The FDA has guidances specific to a few product types, but in the general case for shelf life or product expiration based on some factor other than sterilization packaging stability, there is no stated guidance other than the general requirements that any claim be proven and that no device be sold without proof that it is safe and effective.
For FDA Class II and III products, of course, such proof must be provided to the FDA with the device's 510(k) or PMA, so those are pretty obvious. For devices not requiring a 510(k) or PMA, proof must still exist in the device's DMR.
Based on review of what the FDA has to say about this across various guidances and other documents, my summarization of the general rule would be:
1. If you're going to state an expiration date or shelf life for a newly developed product, it should be based on already-competed accelerated aging, and have real-time aging in progress to verify the data ASAP.
2. If the product has some mechanism or issue that gives rise to concern about shelf life, such as a material that is known to have a life limit, it cannot be sold at all without data to show that it is safe and effective at that length of time after manufacture. It's not necessary to prove when it becomes unsafe or ineffective; it's only necessary to prove that it is safe and effective throughout the period of time when it is permitted to be used.
I regard it as likely that, for a relatively simple product that contains a material for which a substantial "track record" exists and for which the risks are completely understood and clinically acceptable, the FDA will accept well-reasoned analytical application of already-existing aging data or retrospective market performance data for that material in place of newly acquired aging data. However, as far as I know no guidance exists, so any such instance would be individually judged. The more complicated the product and the greater the risk involved, the less likely would be such acceptance.

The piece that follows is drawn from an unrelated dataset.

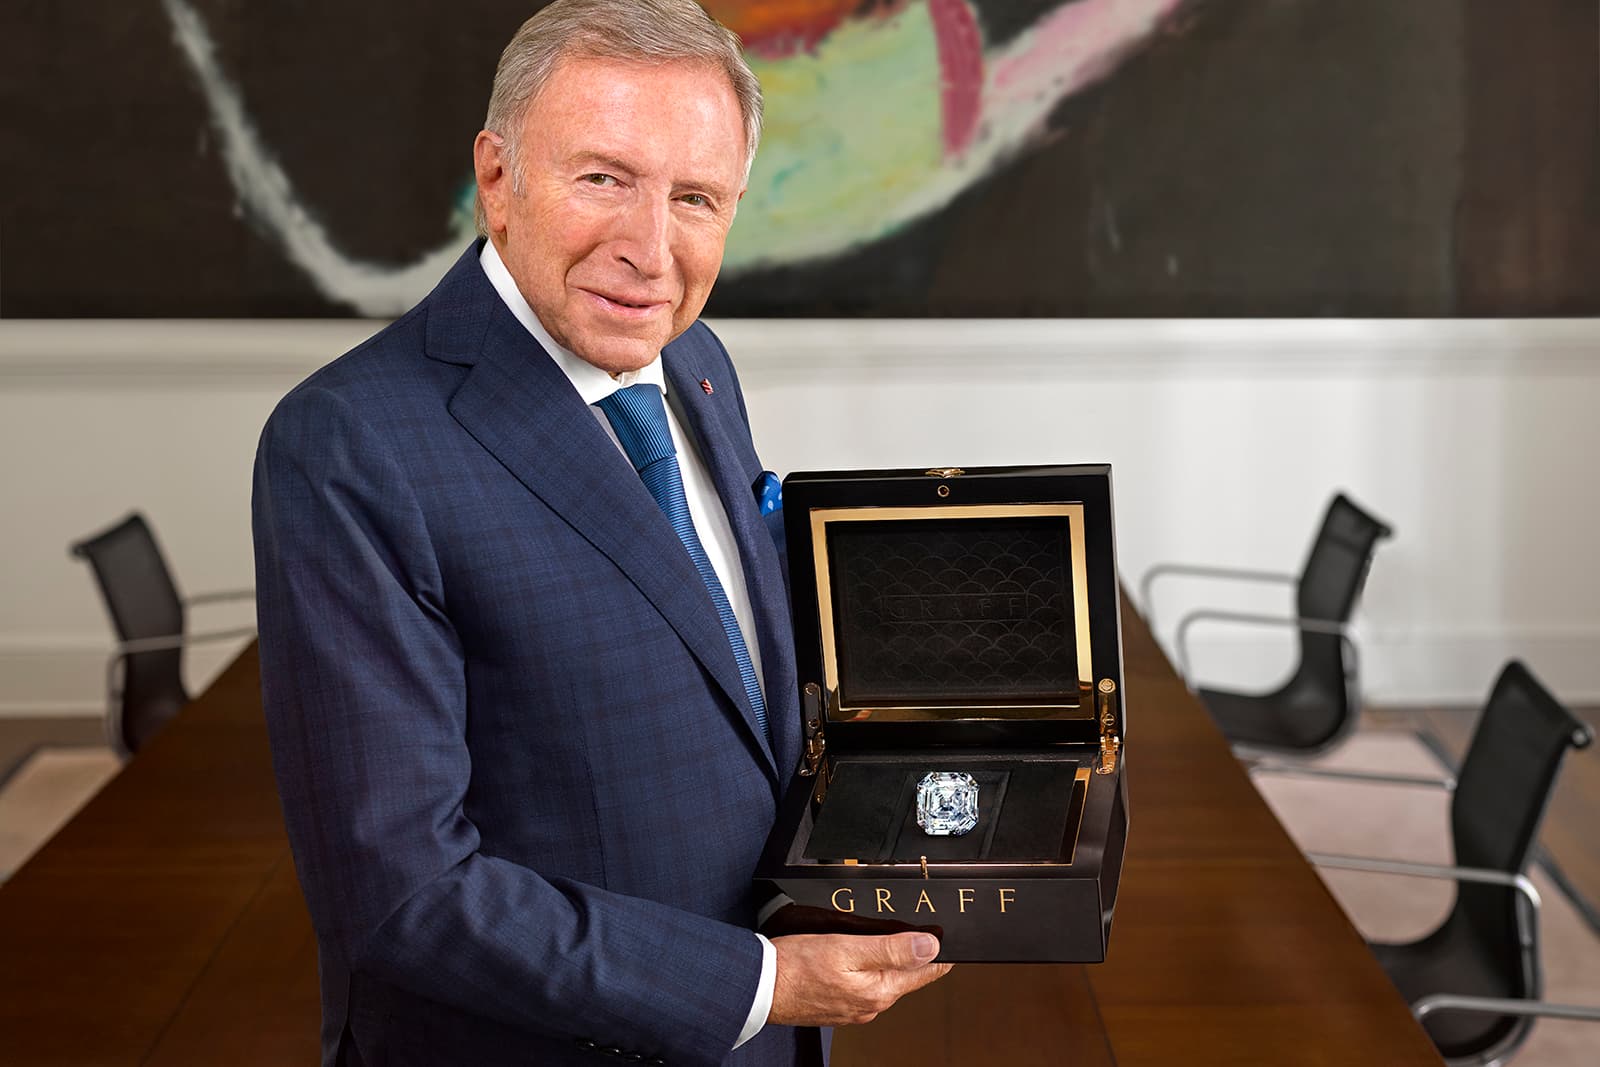 Laurence Graff, founder and chairman of Graff, unveils the 302.37 carat Graff Lesedi La Rona

You would write your procedure for defining shelf life based on your knowledge of what material, process or other device characteristic gives rise to the concern. Similarly, you would categorize your products as to whether that procedure applied to them based on that same knowledge.
I think the same general approach is likely to be considered reasonable and acceptable in an MDD or Health Canada context, notwithstanding the different applicable rules.